Written by Thomas Chen, Contributor
Jo Wright

WorldPay provides e-payment facilities to online Web stores. A linchpin of WorldPay’s plan to dominate the arena is the multi-currencies platform that took the company one and a half year to develop. Jo Wright, WorldPay’s Asia-Pacific managing director, explains how the world pays.

Part of the difficulty of designing multi-currencies platform is the reporting function to storeowners. While the user may experience something as simple as choosing an option with a mouse click, the process becomes complicated at the store-end when transactions in all those foreign currencies has to be translated back to the owner’s own currency.

The task is relatively simple when there are only one or two currencies. The difficulty multiplies exponentially, however, as the number of currencies supported increases. In WorldPay’s case, its platform supports over 130 different currencies.

The real advantage of trading on the Internet, according to WorldPay, is the Web’s global reach. As such, the company believes, it is pointless to implement a system that is limited to a local region.

“The difficulty is that [Internet] companies actually need a global solution, systems that work in a country do not necessarily pan out in all countries,” said Jo Wright, WorldPay’s Asia-Pacific managing director. “Rather than implementing something that is very short lived within one country, which doesn’t allow for people to shop externally, we have to look at the bigger picture and at the global opportunities.”

On top of multi-currencies support, WorldPay’s platform also provides online stores with real-time reporting, dispute settlement and refund functionalities. The company is currently working on multi-byte enabling its platform to support Asian languages such as Japanese, Korean and Chinese. As it is, the system allows multi-lingual transactions to be conducted in European languages.

WorldPay partners closely with one of its shareholders, the NatWest Bank for not only foreign exchange functions, but also to assume the risk of accepting online merchants into its payment network. It now has 10 000 merchants using its products around the world and continues to enroll about 800 new merchants every month.

More onThe State of ePayment.

In 1999, the company introduced its first store builder product, Click and Build. The product was immediately picked up by Photoshop, an image library that wanted a platform that featured integrated payment system and allowed for immediate download of images as soon as they are paid for.

According to the store’s testimonial, Click and Build was an exact fit to what they were looking for.

The online store used the product’s templates to create its own storefront, implemented “soft goods” download (i.e. to download the images once they had been purchased) that was key to the store’s operations, and installed facility for bulk uploads.

Not surprisingly, the platform’s e-payment facility and multi-currency support has been cited as among the main reasons why the solution was adopted.
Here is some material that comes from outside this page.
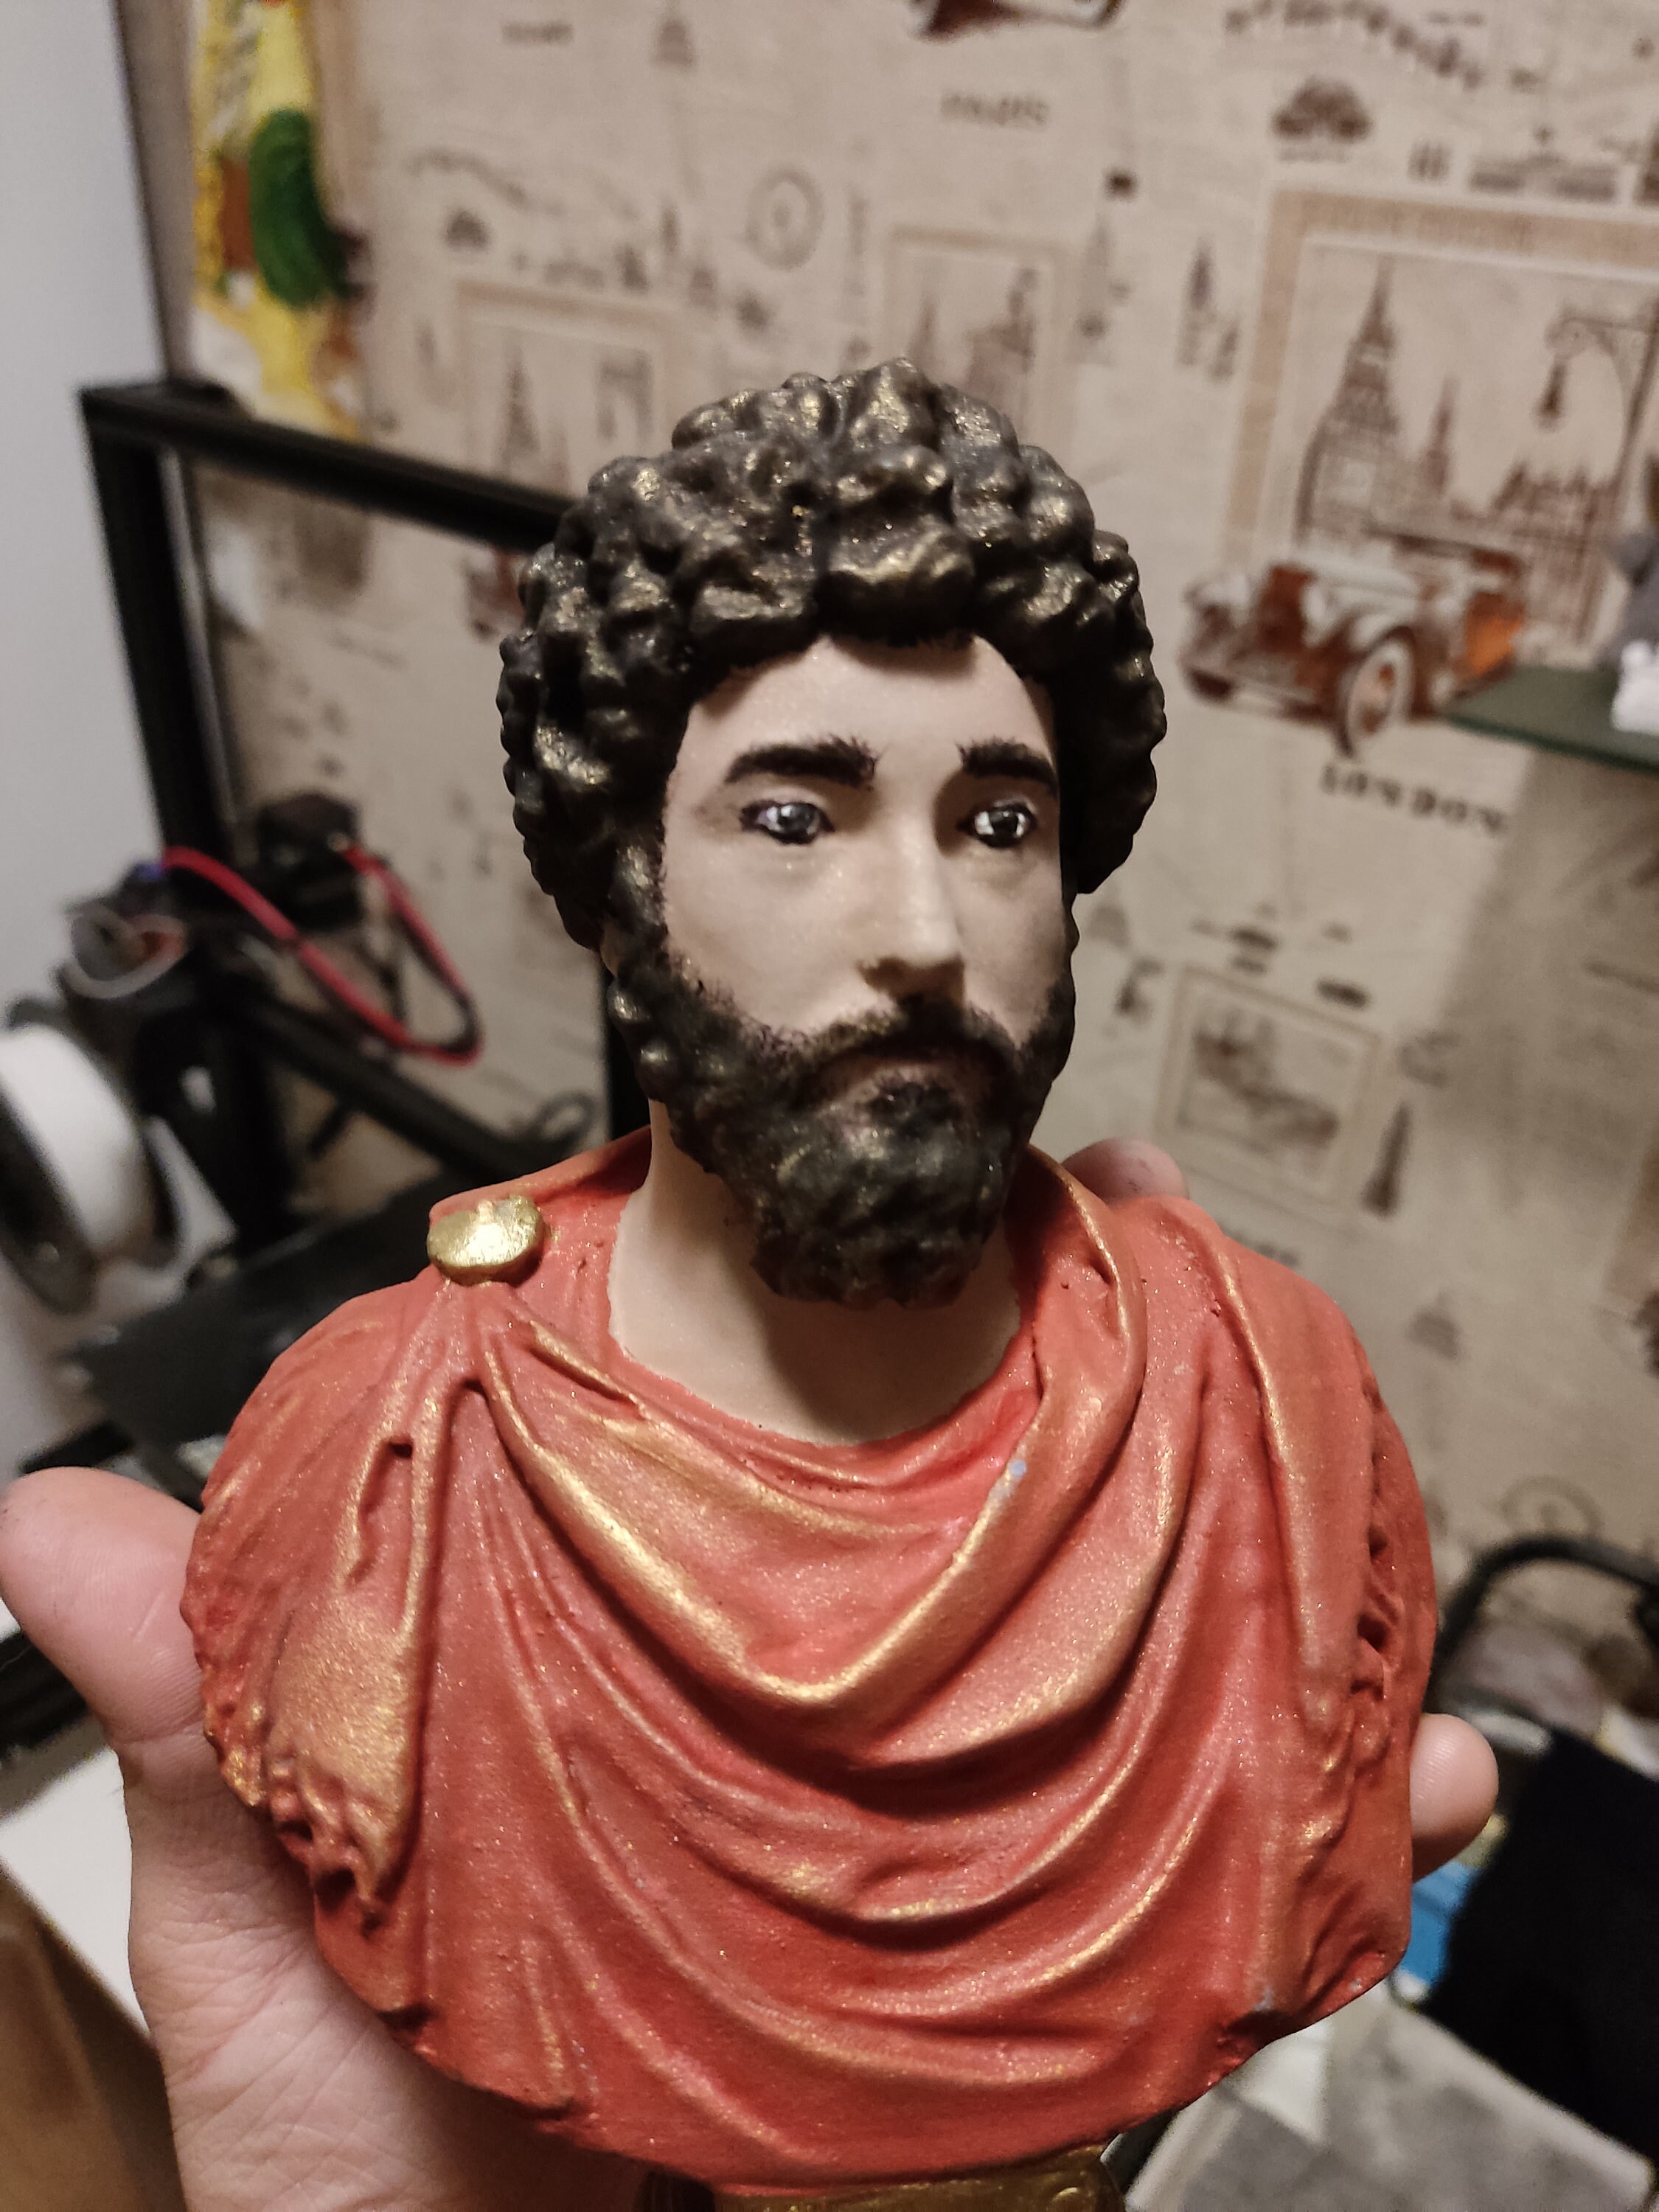 Marco Aurelio busto imperatore romano meditazioni stoicismo stoico  statuetta statuetta ispiratrice forte -  Italia

Another key to WorldPay’s strategy in the e-payment arena has been its attempt to encompass all credible applications to Internet business. According to Wright, a part of the company’s mandate has been to speedily assess a company’s credit risk and to quickly accept and assume part of that risk themselves.
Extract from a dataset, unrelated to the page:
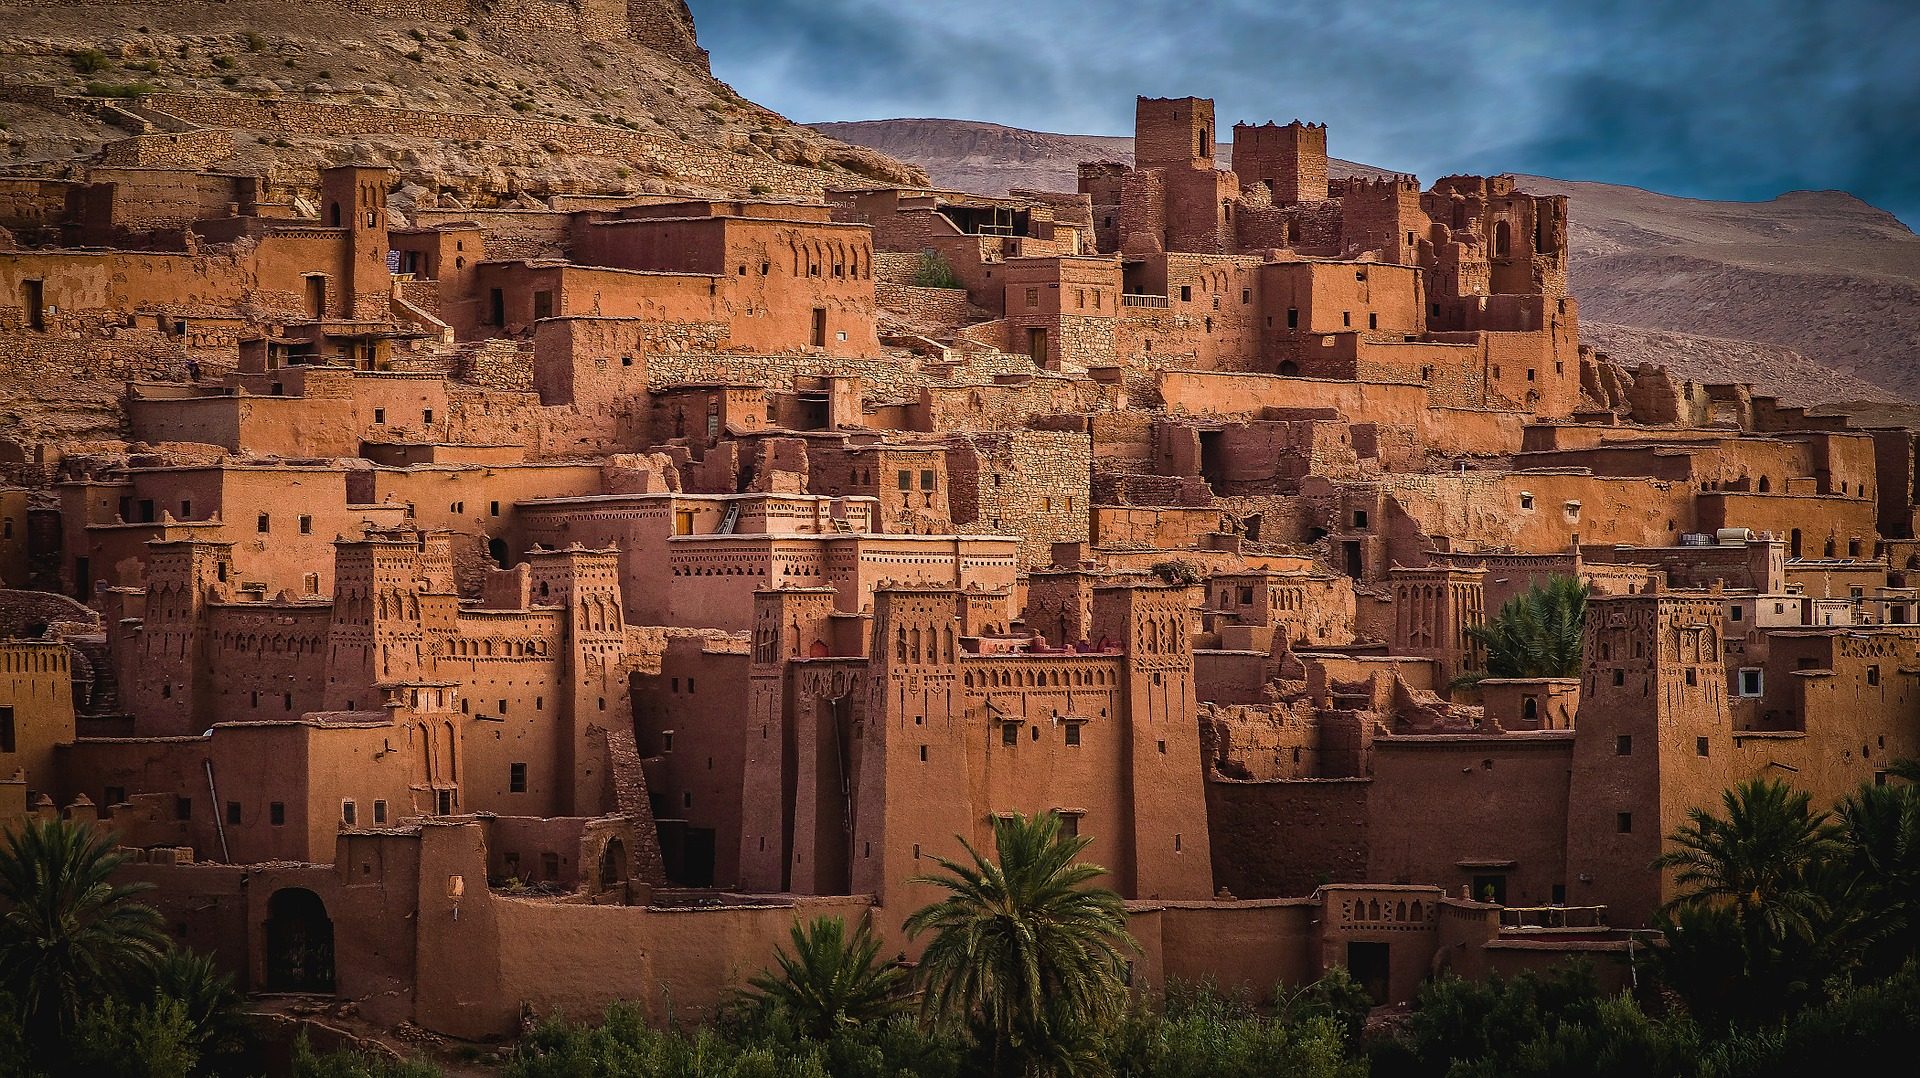 Marrakesch Halbpension günstig buchen ab 213,00€ - Eine Woche Marokko

As soon as a store is accepted as WorldPay’s customer, all other applications to credit card companies are taken care of on their behalf by the solution provider.
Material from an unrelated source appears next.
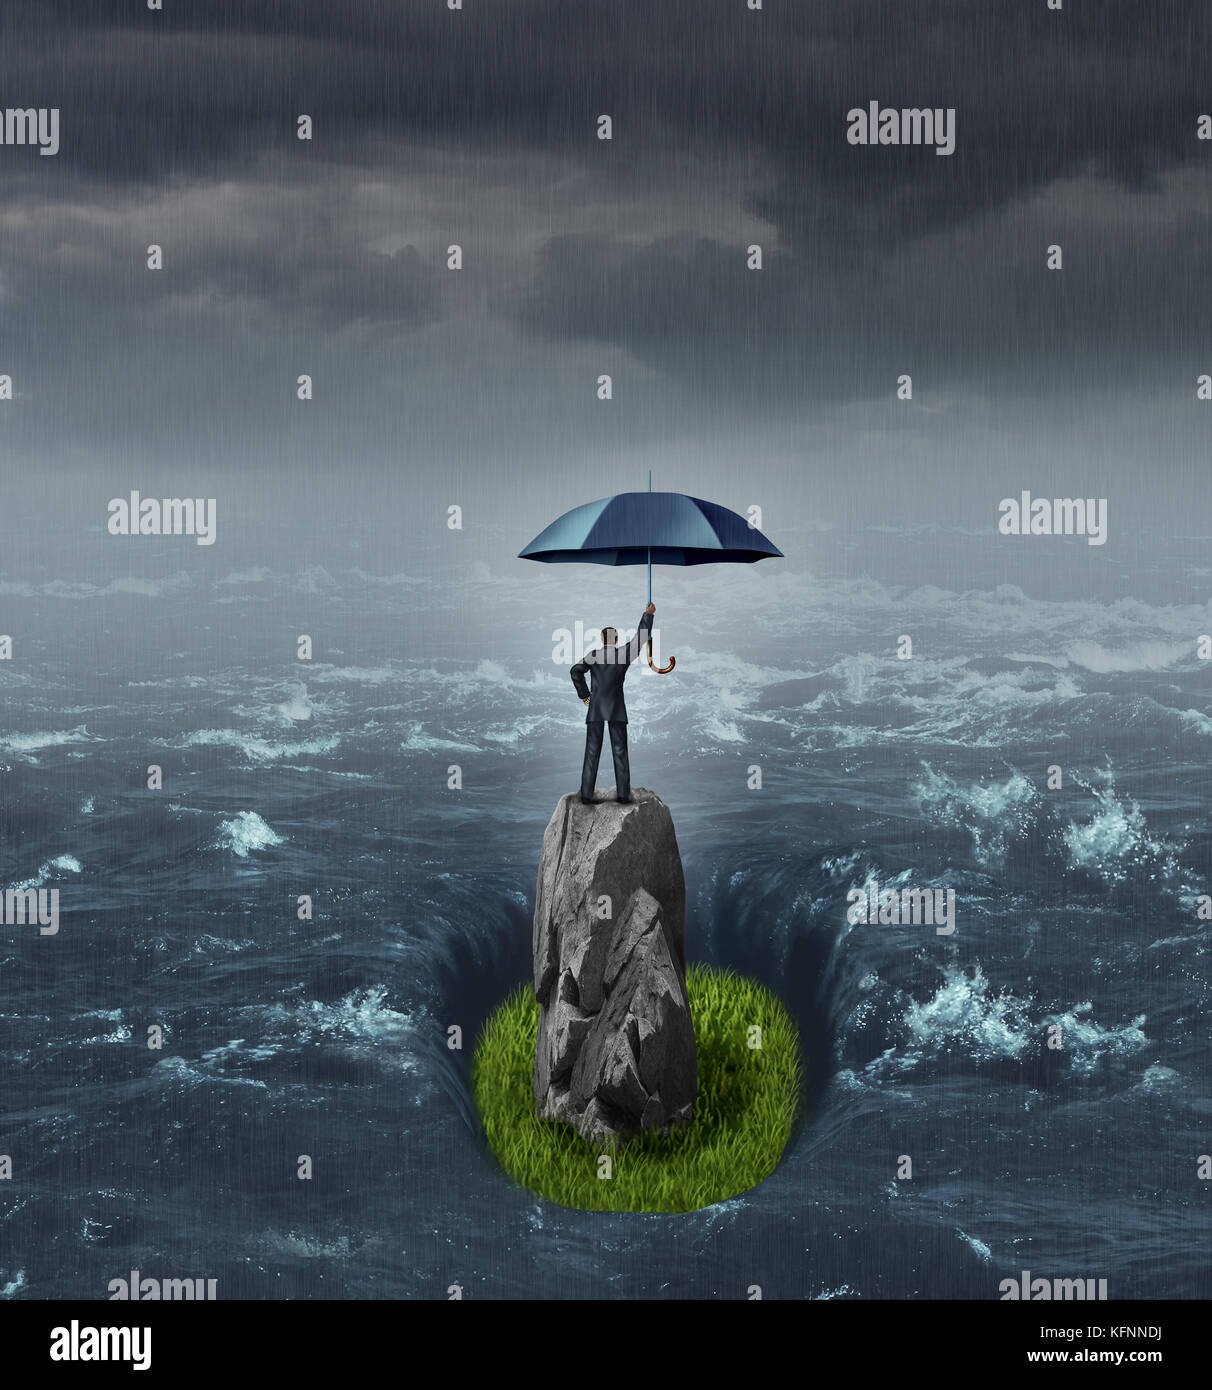 Geschäftsmann erfolg konzept Denken als eine Person, die ein Sonnenschirm in der Mitte einer Flut oder Ozean stehend auf einem trockenen Rock mit Gras. Stockfoto

“What we’ve found when we first started was that banks were very hesitant about taking on online businesses, they didn’t know much about the Internet and so they were very cautious about approving Internet businesses,” explained Wright. “But globally, we wanted to take on companies around the world. The position that we’re in today, we can accept a company very quickly. And if someone wants to build a shop on the Internet, the can build the store today very quickly.”